I just threaded the sticks thru the grates of the MES, it worked to get by but I'm really wanting to do the mod Richie suggested !


----------



## WaterinHoleBrew (Oct 1, 2016)

tropics said:


> tddeangelo said:
> 
> 
> > How'd you rig up the inside of your MES to hang them like that?
> ...



Great mod, thanks again for sharing this Richie !  Thumbs Up


----------



## WaterinHoleBrew (Oct 1, 2016)

tropics said:


> Justin nice job on them sticks I am almost out myself. Good luck in the coming season Points
> Richie
> 
> Thumbs Up



Thanks Richie, they should be some help hiking the hills here in a few weeks !  Appreciate the nice words, point & good luck !


----------



## GaryHibbert (Oct 2, 2016)

I missed this one somehow Justin.  Those are real good looking sticks--great job stuffing those little fellas!!
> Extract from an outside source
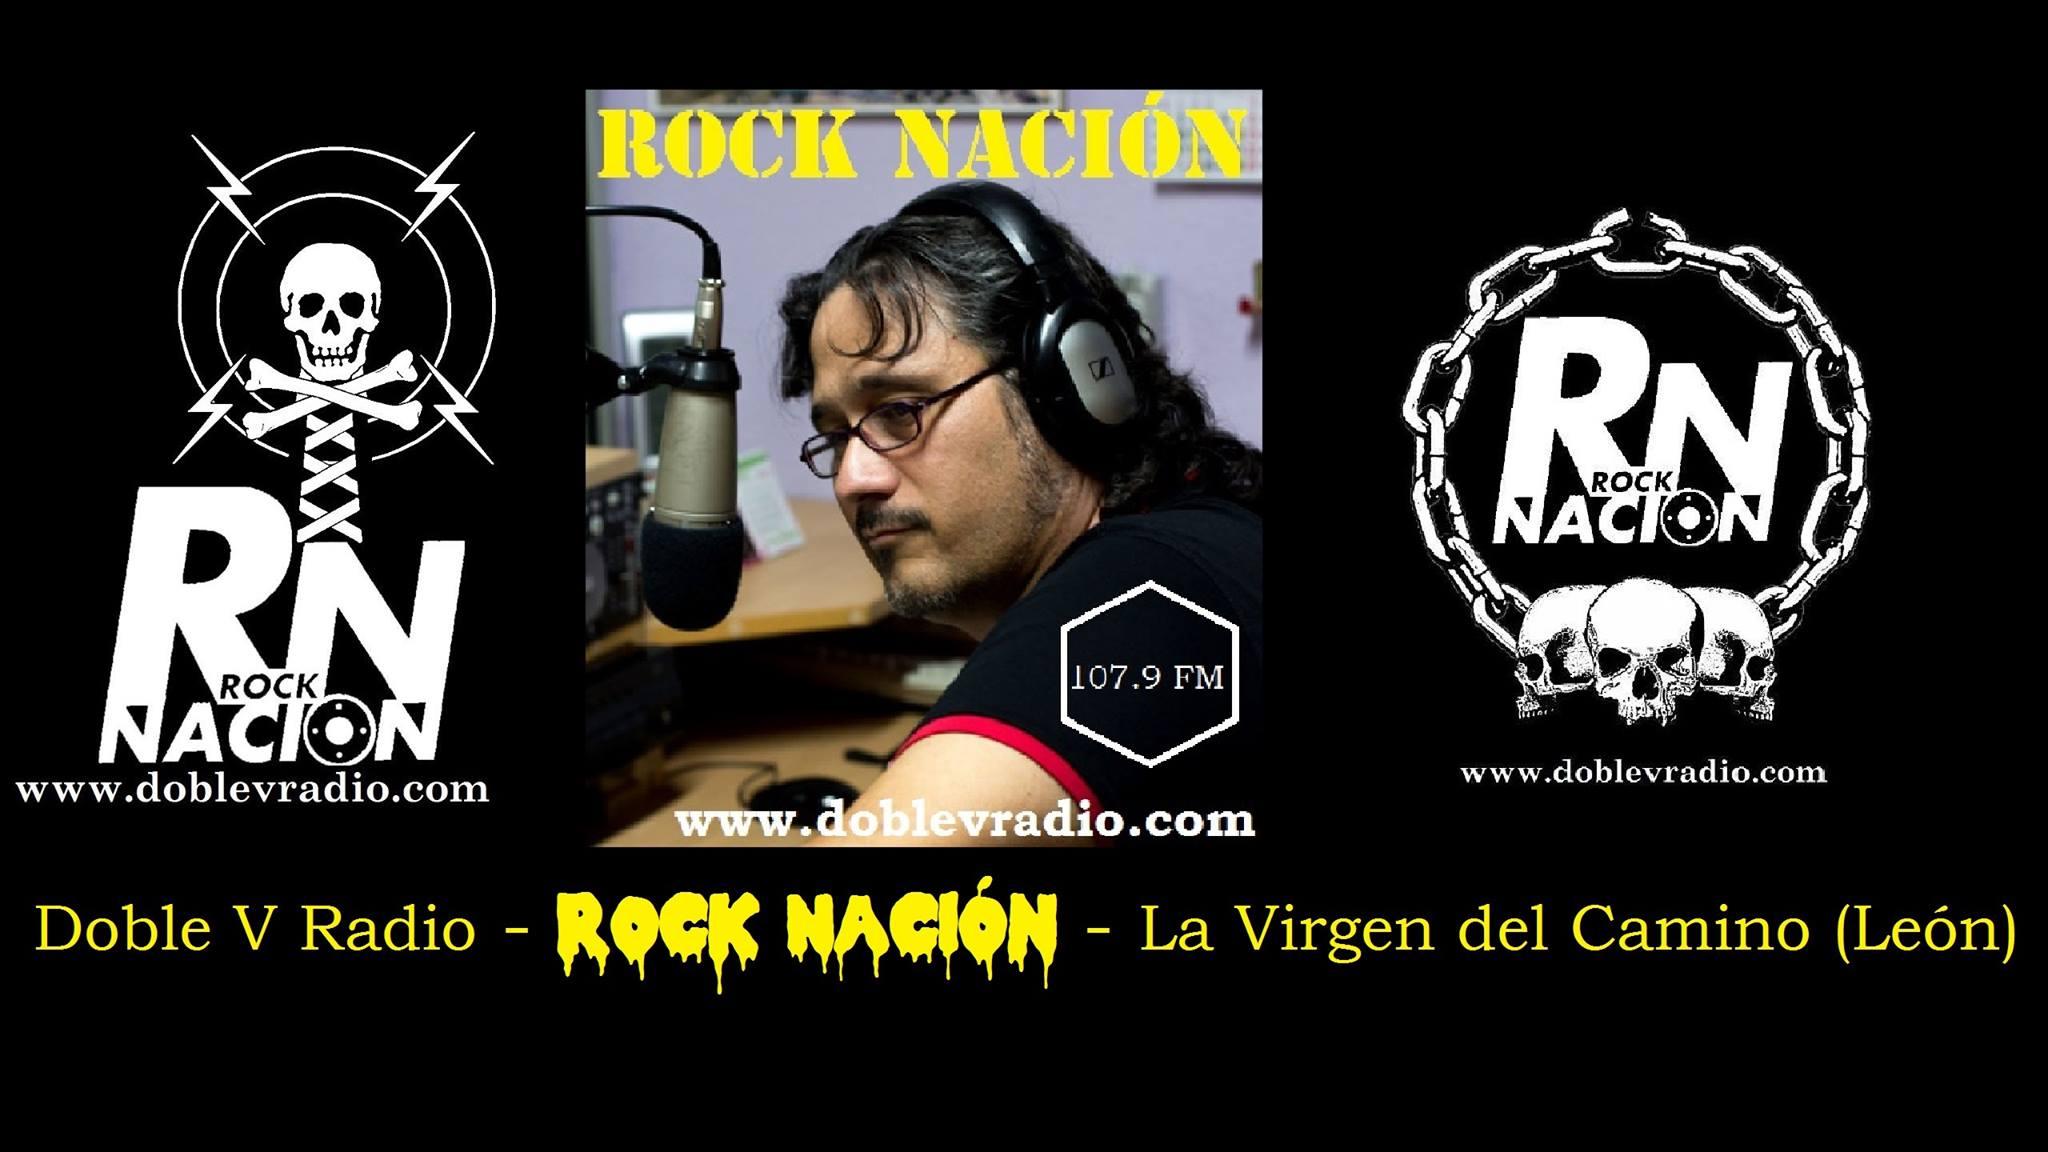 Rock Nación - Programa Doble V Radio
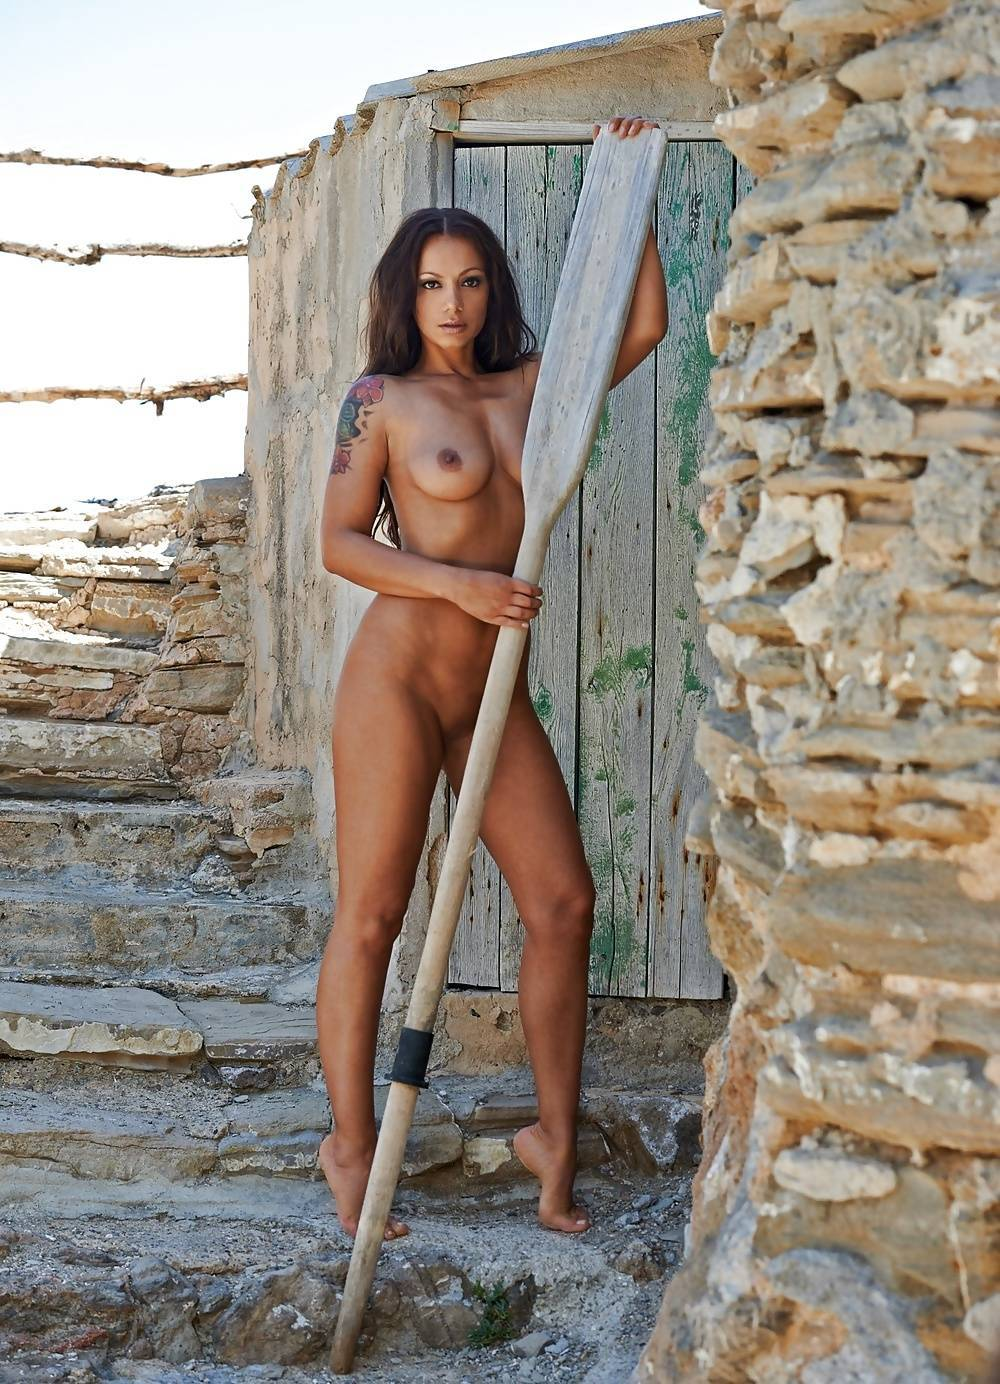 Naked radost bokel Naked Pictures

Just hang a few of those sticks out as bait and all the game will be lining up to be included in the next batch.  LOL.

POINTS

Gary


----------



## WaterinHoleBrew (Oct 4, 2016)

Betaboy said:


> Awesome job and nice Qview!!!
> :points:



Appreciate it man, thanks for the point too !


----------



## WaterinHoleBrew (Oct 8, 2016)

Bearcarver said:


> Better Late than Never!!
> 
> Beautiful Sticks you got there Justin!!:drool ----:points:
> 
> ...



Hey Bear, thanks for dropping a line & the point !  Appreciate the nice words.   There's so many great threads on here anymore, it's hard to keep up with em all !


----------



## WaterinHoleBrew (Oct 8, 2016)

GaryHibbert said:


> I missed this one somehow Justin.  Those are real good looking sticks--great job stuffing those little fellas!!
> 
> Just hang a few of those sticks out as bait and all the game will be lining up to be included in the next batch.  LOL.
> 
> ...



Thanks Gary, these turned out tasty just had to put em in the freezer to last til hunting !  LOL.  Appreciate the nice words & point !  BTW, I'm gonna try your baiting idea !  :biggrin:


----------



## tropics (Oct 31, 2016)

Justin I can't thank you enough Those sticks you sent I haven't tried yet but they do look great.

Thank You again Buddy

Richie


----------



## tropics (Nov 7, 2016)

tropics said:


> Justin I can't thank you enough Those sticks you sent I haven't tried yet but they do look great.
> 
> Thank You again Buddy
> 
> Richie


Justin That Pepperoni is fantastic I'll let you know when I try the 7 pepper.

Thanks Again 

Richie


----------



## WaterinHoleBrew (Nov 9, 2016)

tropics said:


> tropics said:
> 
> 
> > Justin I can't thank you enough Those sticks you sent I haven't tried yet but they do look great.
> ...



Glad you liked them Richie, thanks again for the sausage rack !


----------